Value interfaces with the market place

Value is becoming more important in functionalizing health care. Historically, personalized medicine involved taking data and treatment options and trying to tailor those to an individual patient. But what is the value generated by an individual therapeutic or therapeutic regimen over time and as delivered in different sites of care, for the patient and for the health care system as a whole? For instance, even though treatments may be approved by regulatory agencies, some specialty care or provider organizations may not justify including a drug in their treatment protocols because its price may be greater than competing treatments, while it has proven no more effective than those competing drugs. During a time of escalating health care costs, private providers are beginning to take on the task of rationing health care to restrain costs, especially if a drug has not proven its value. They maintain that there is not enough capacity in the system to support the expense associated with some drugs.

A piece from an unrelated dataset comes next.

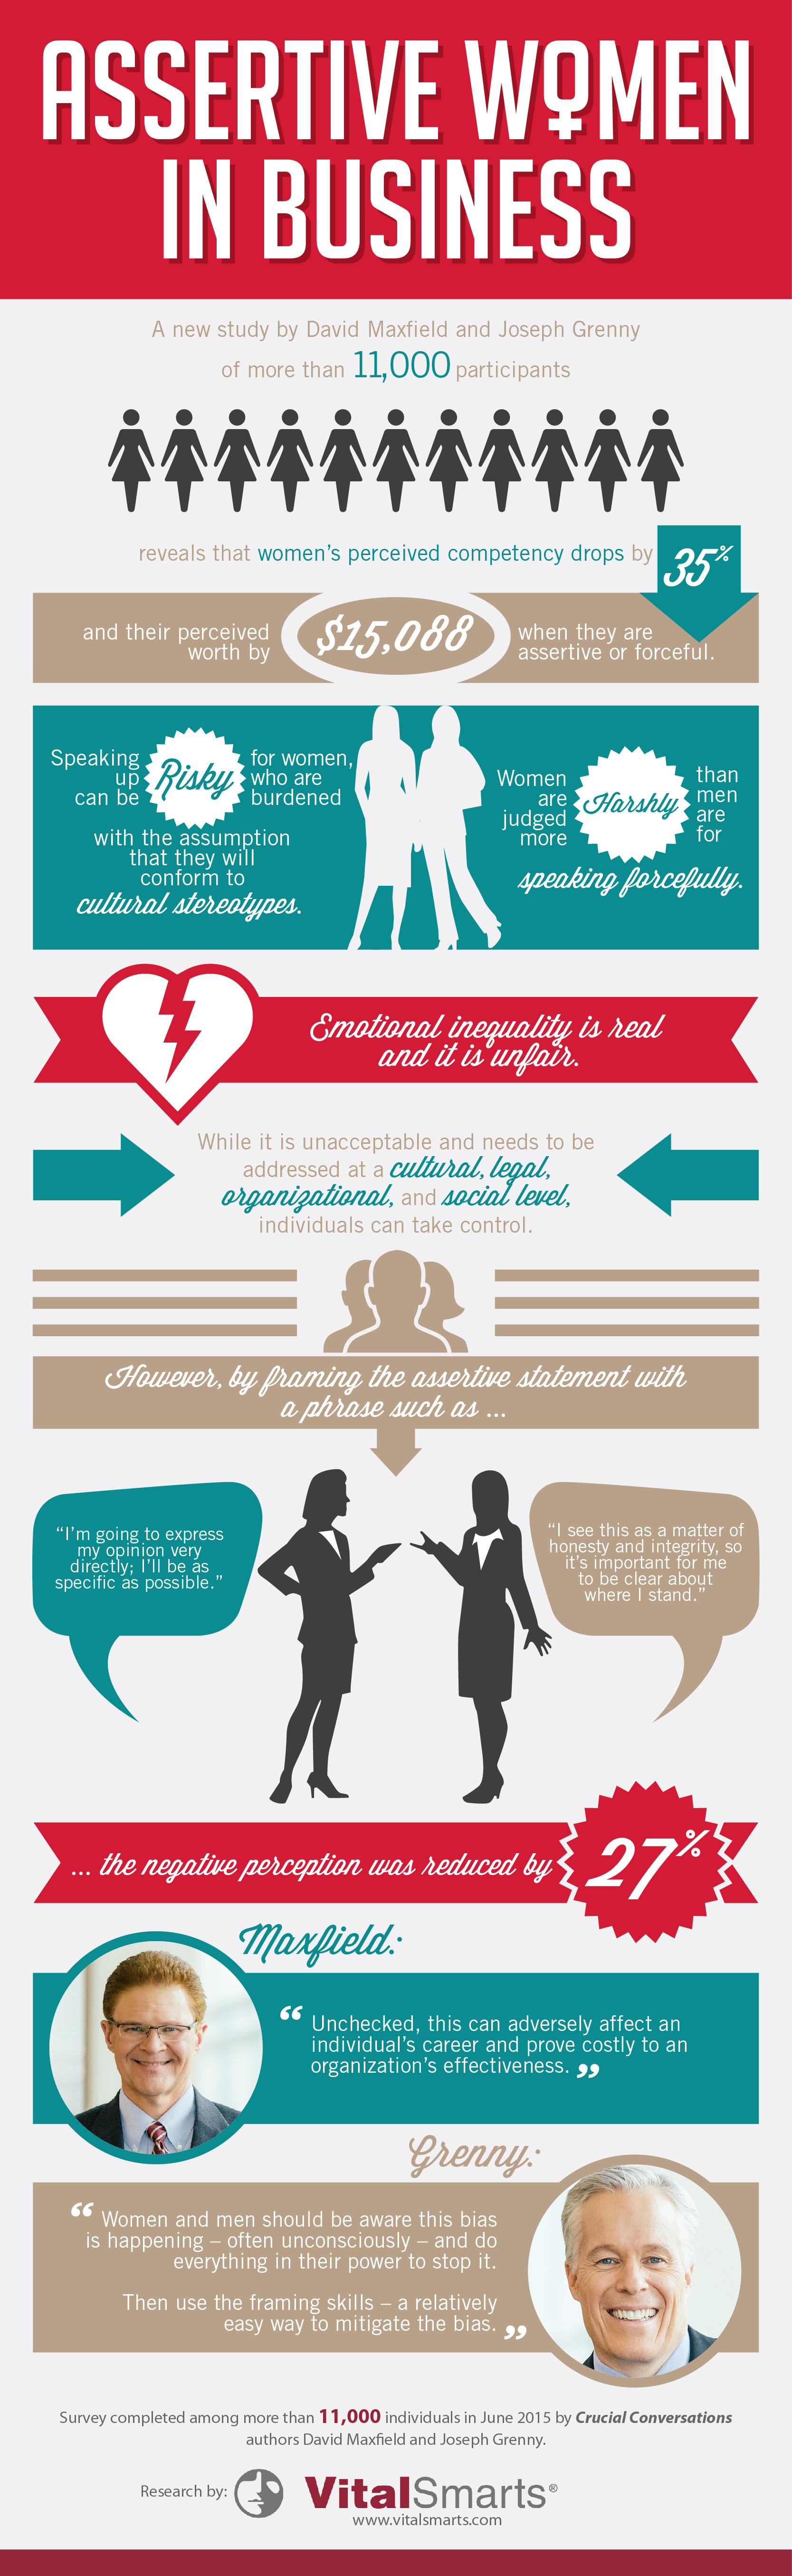 Curbing Gender Bias Infographic 2 Gender Gender Inequality Assertiveness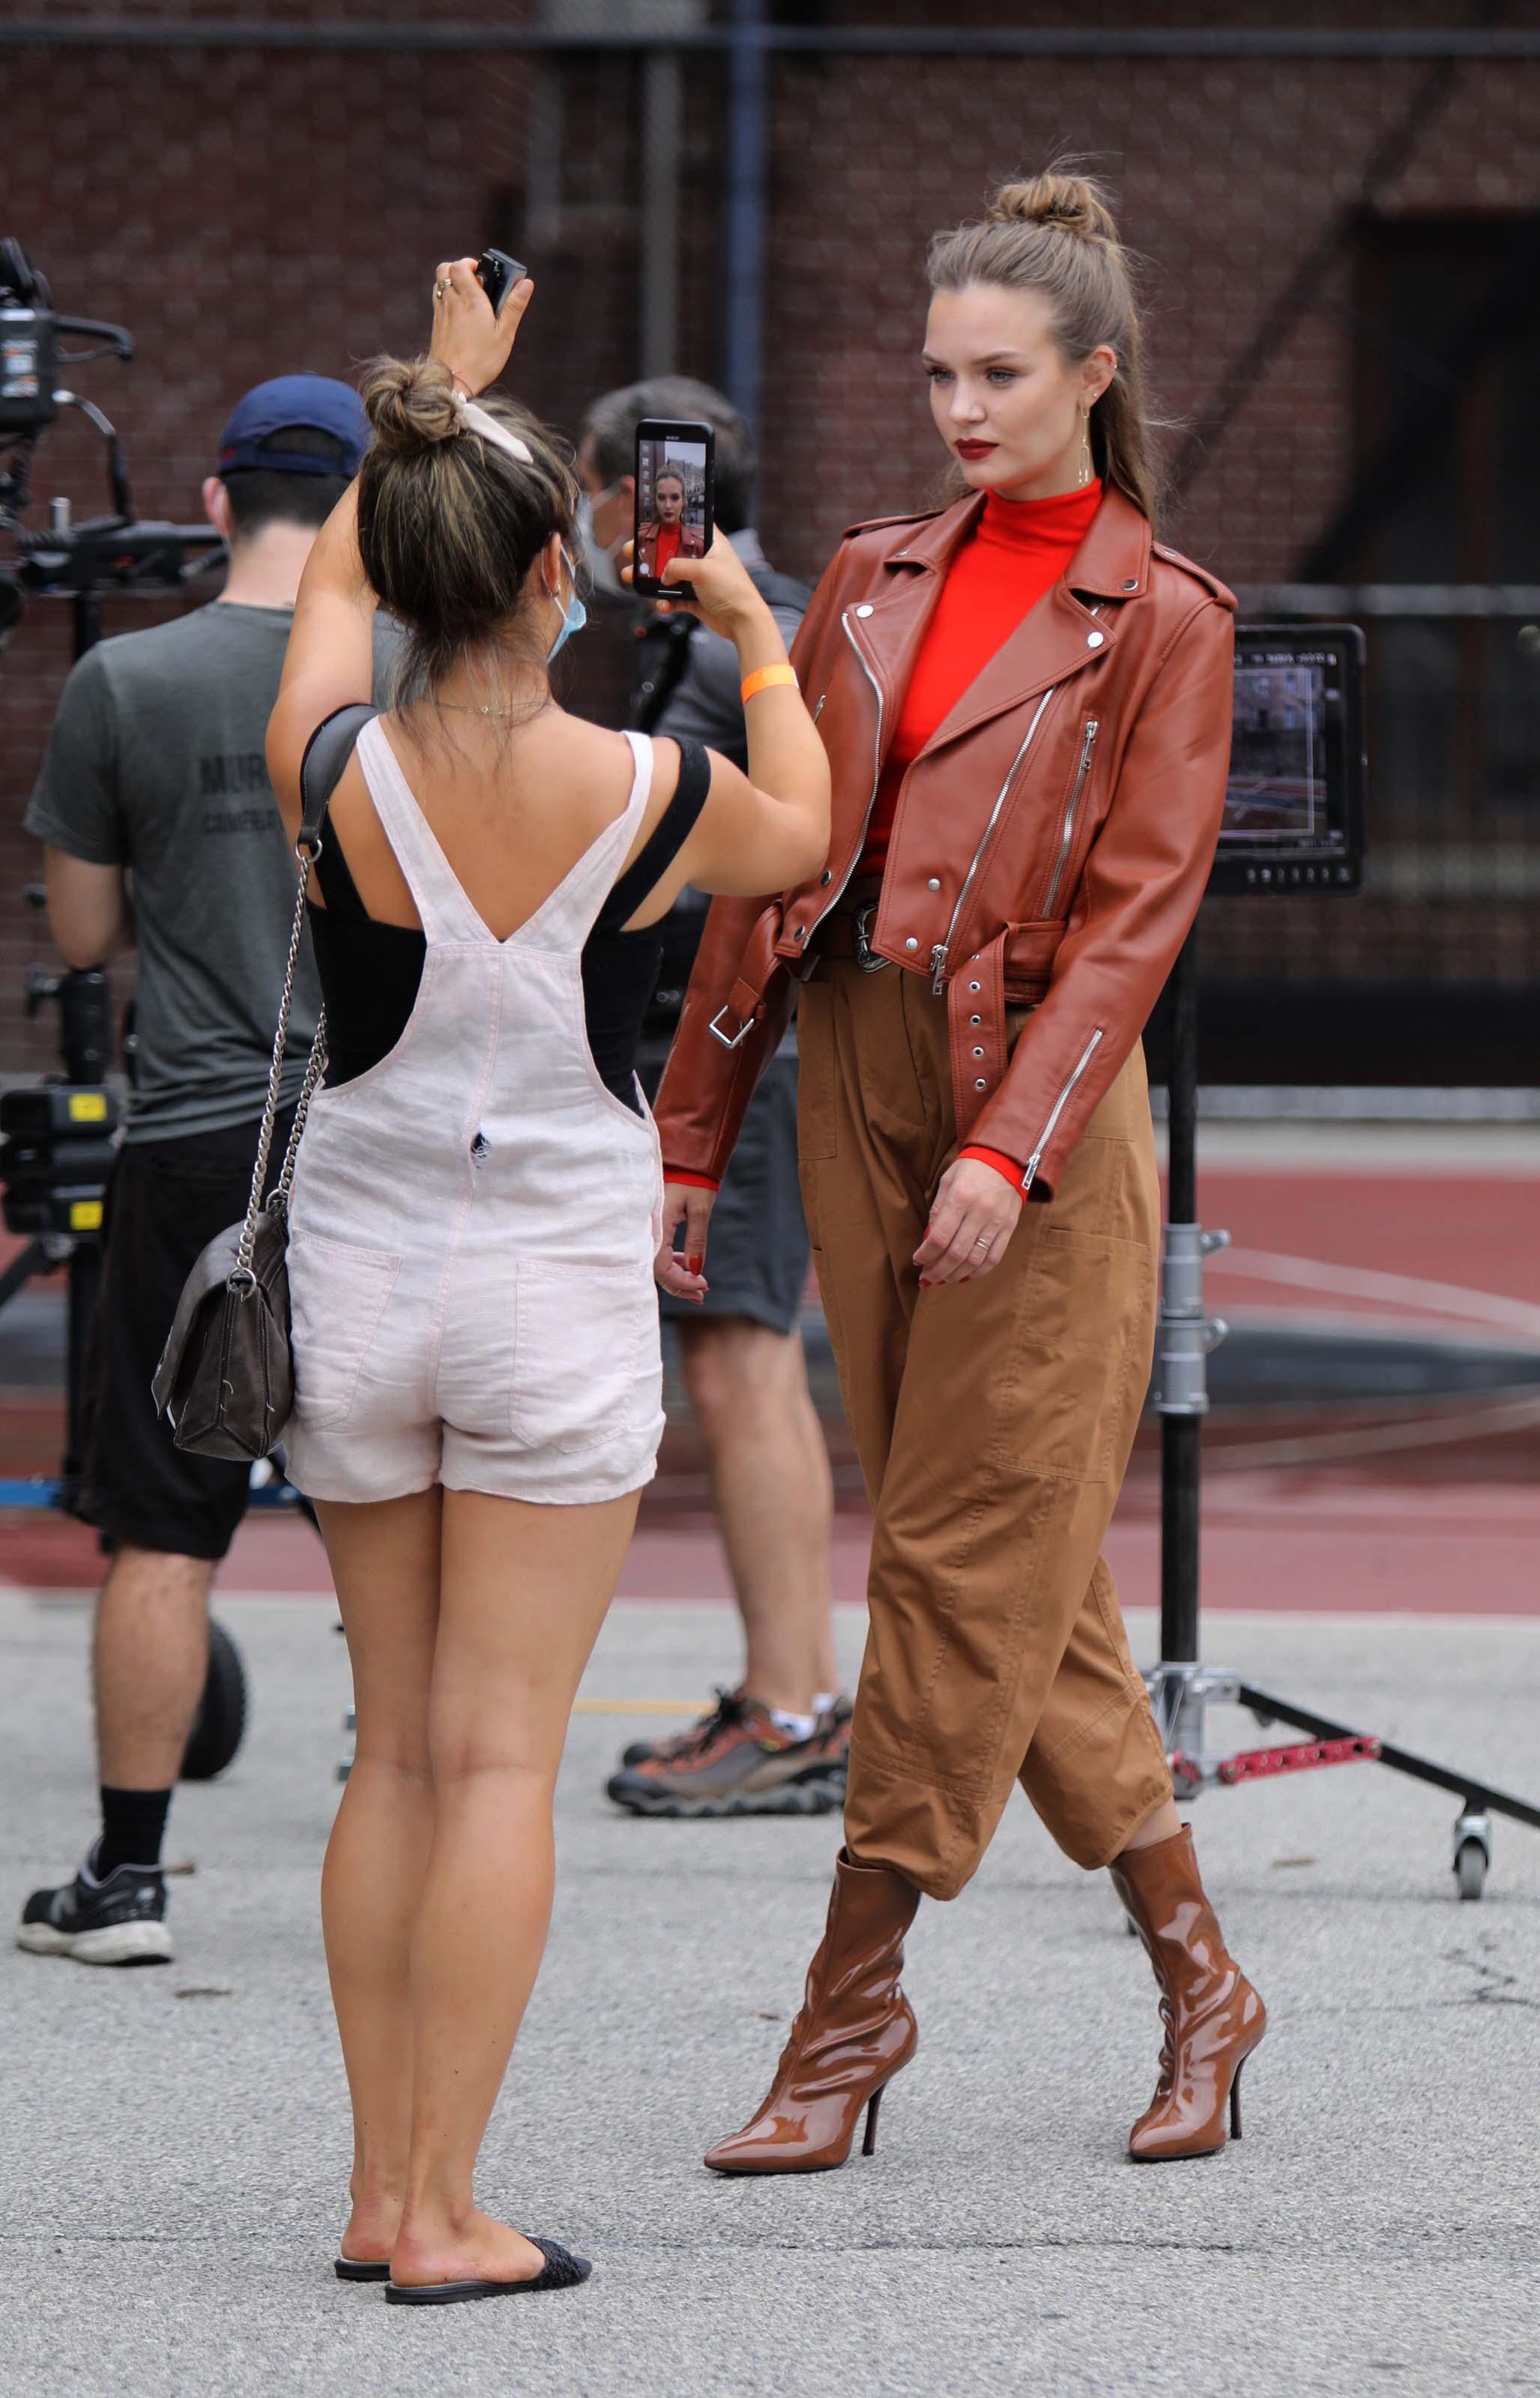 Josephine Skriver doing a Maybelline photoshoot

Some provider systems are taking on financial risk, transforming their traditional roles, and allocating care efficiently to specific patients based on the benefit they will realize, and the value of that benefit. Large payers and specialty distributors have established payment-focused pathways and episode-like (financially capped) approaches. Likewise, Medicare in the US is moving towards initial implementation of episode-based reimbursement, funding pilot programs through the Center for Medicare and Medicaid Innovation to accelerate supporting models, tools and ultimate adoption. All of these efforts drive a need for precision, assuring that innovations can provide significant therapeutic benefit, and avoiding those which offer no or limited incremental benefit over established therapies or generics.  

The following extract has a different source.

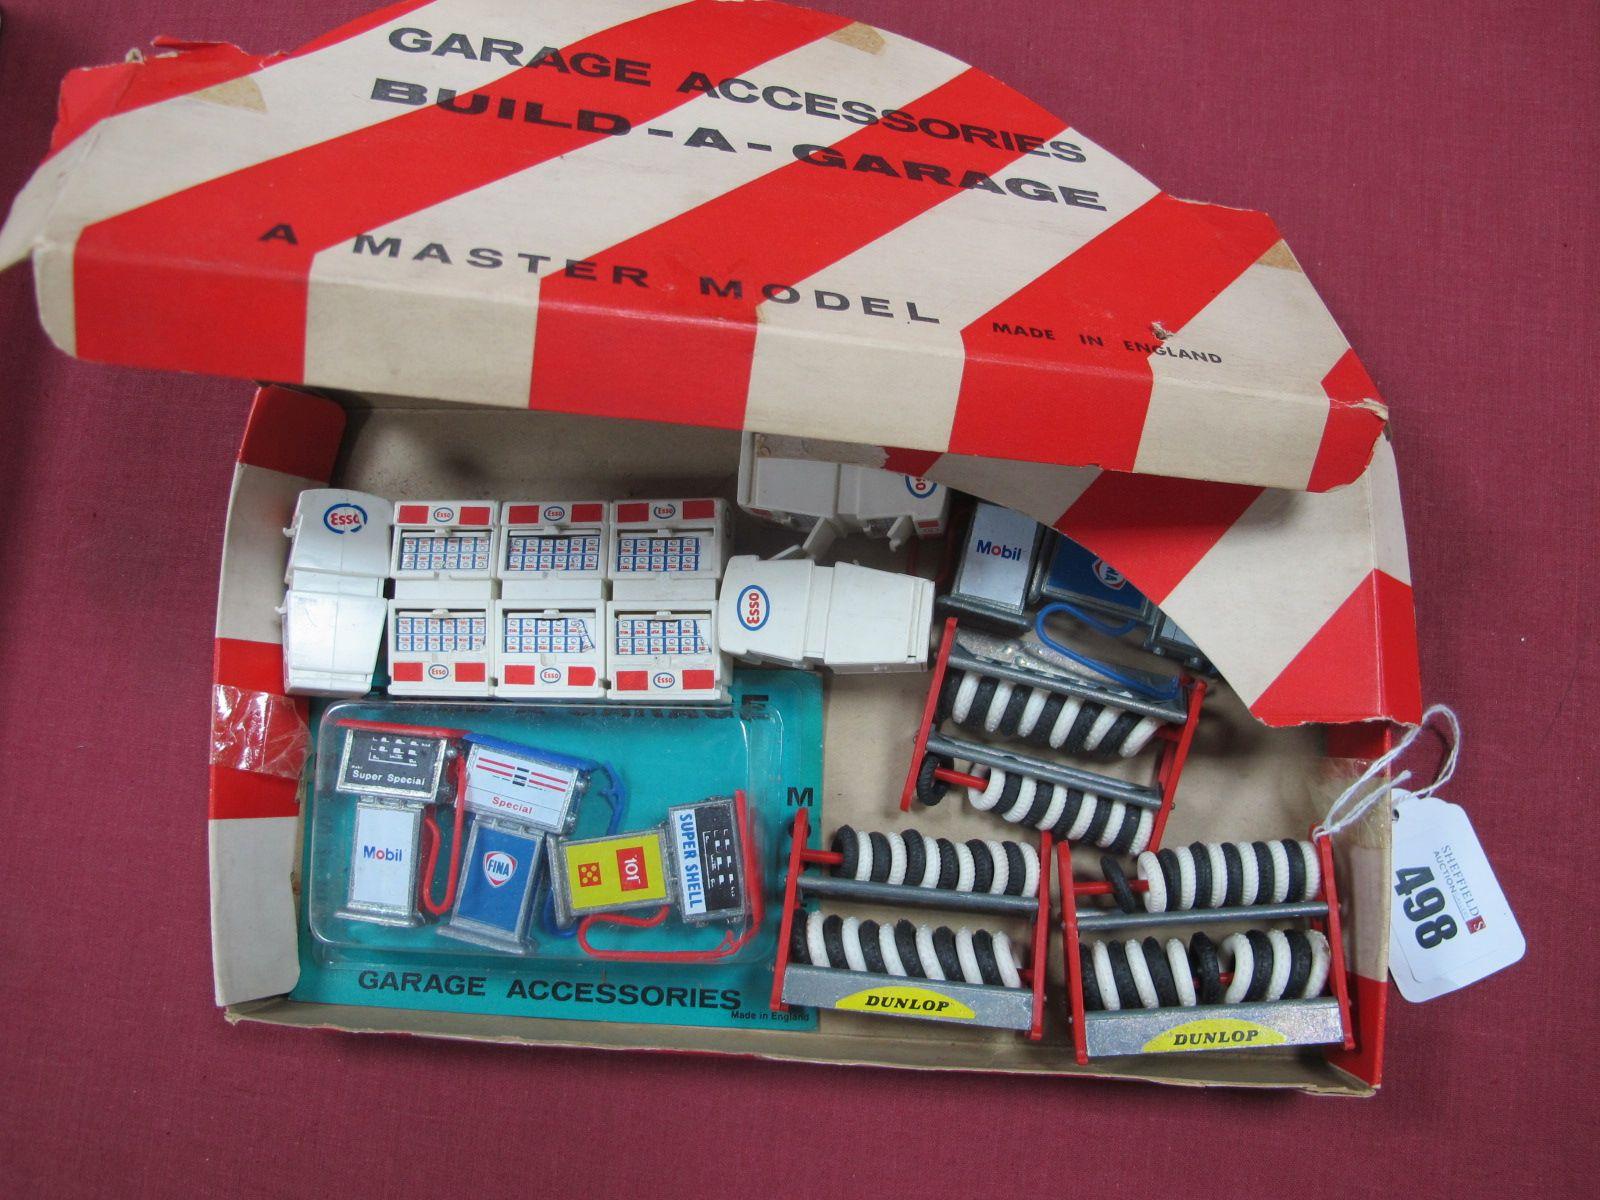 "Master Model Build A Garage, garage accessories, three petrol pumps in original pack, three ""Dunlop"""

Pharma companies must focus on how value will be perceived in the market place, as a consequence of the therapeutic approach that they are taking. Doing so affords them a market opportunity. Pricing strategies for a product will be less successful if they just focus on maximizing revenue, rather than the value they are delivering, and how they are sharing in the value realized. This in turn requires being cognizant of the value that could be created by the use of alternative products -- the competition. 

A team effort required

Functional personalized medicine is a team sport. It brings together partners --life sciences companies, providers, pharmacies -- to assemble the data, insights, and analytics needed to achieve precision and personalization. These key partners must be integrated around new process and operating models to deliver the greatest benefit most efficiently.

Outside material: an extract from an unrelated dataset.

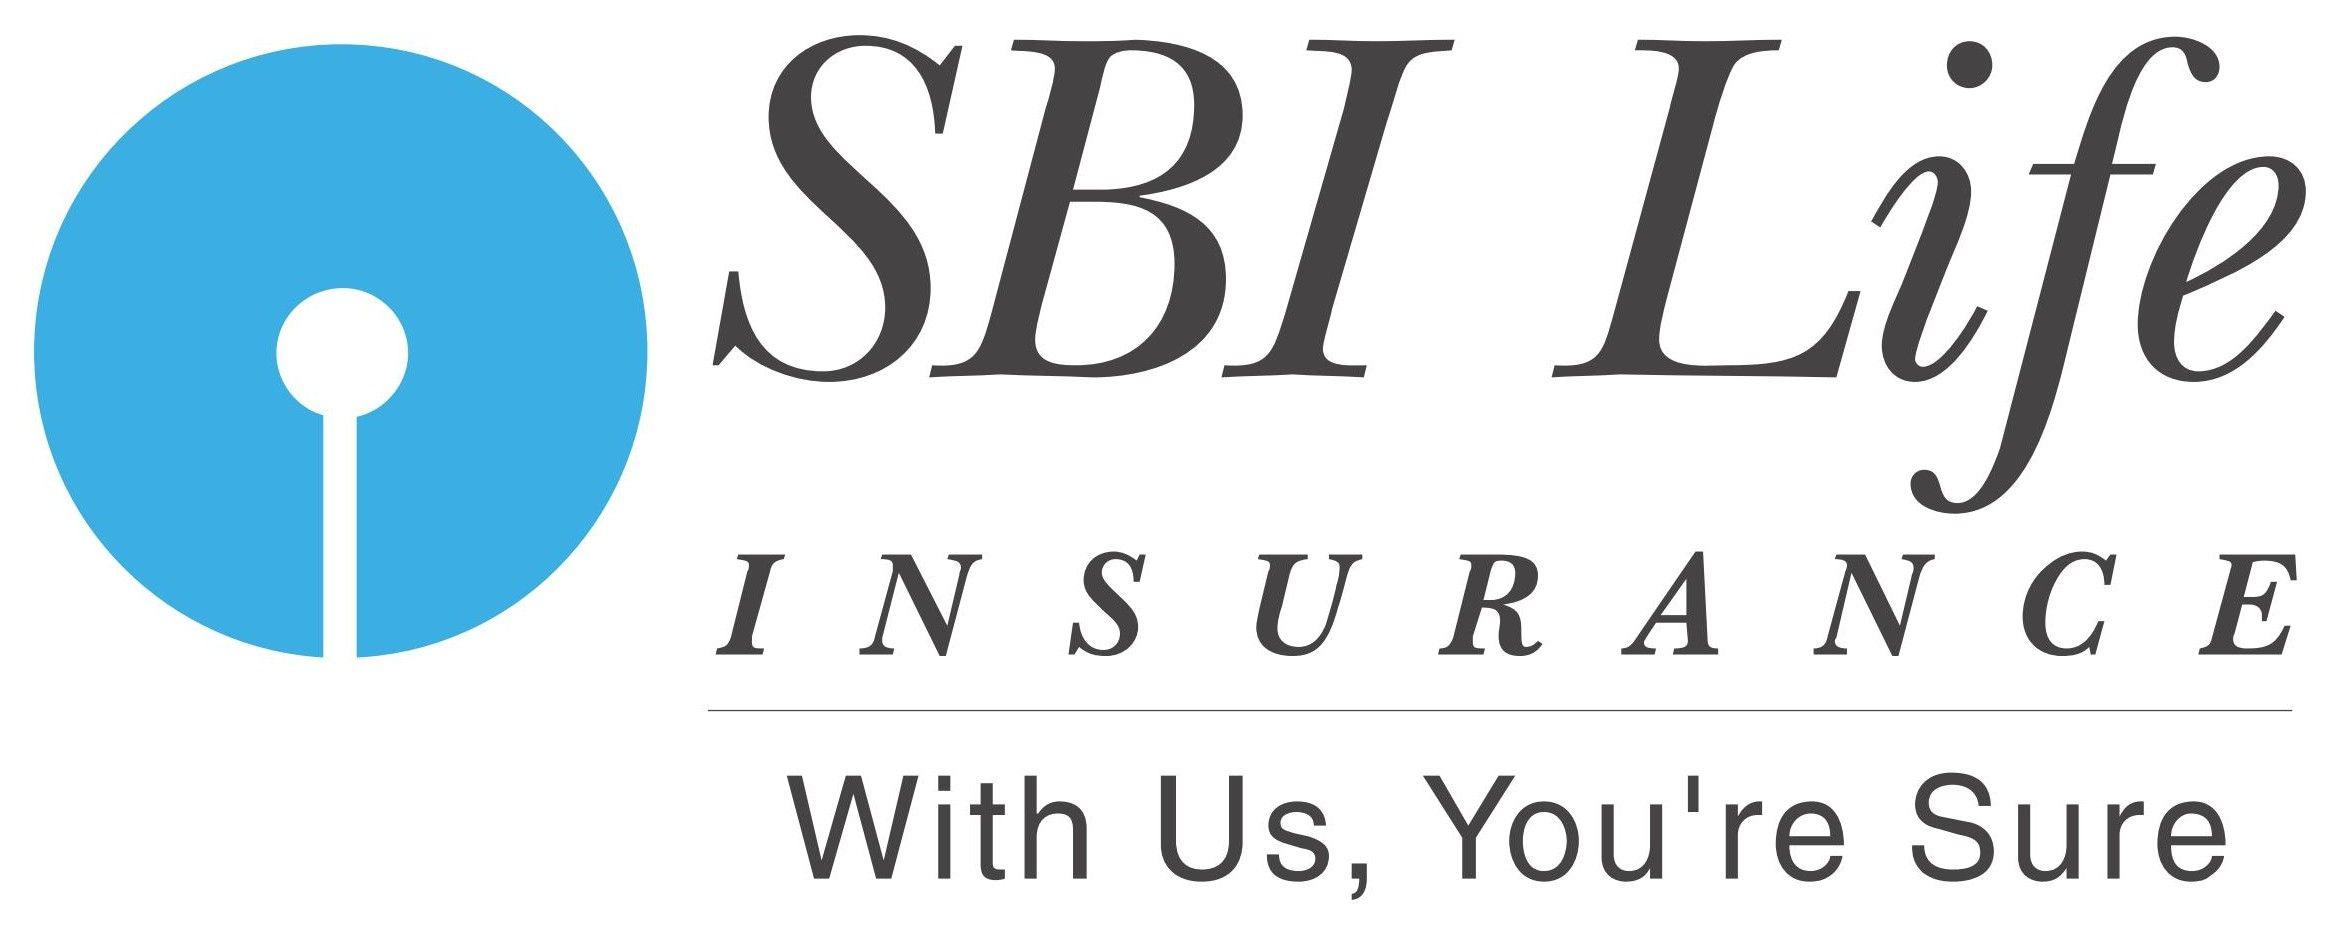 Sbi Life Life Insurance Companies Life Insurance Policy Life

For instance, provider systems have been historically disaggregated and distributed in terms of data and clinical approaches. But now, processes are enabling the integration of data and information around the patient. The most obvious example of this is the implementation of electronic medical records (EMRs) and the standardization of the EMR and data models within increasingly larger regional and national delivery systems. This information can be shared with pharmaceutical companies when focusing a therapy on a target patient population. This is an exceptional opportunity for life sciences companies to combine their deep capabilities in the science, translational clinical understanding, and clinical stratification with provider system clinical process design and risk management approaches. 

Harnessing data-based, precise, and cross-party care delivery and management processes is the basis for implementing functional personalized medicine in the real word. The current emphasis on value and benefit of new reimbursement processes furthers the need to define clinical value from personalization.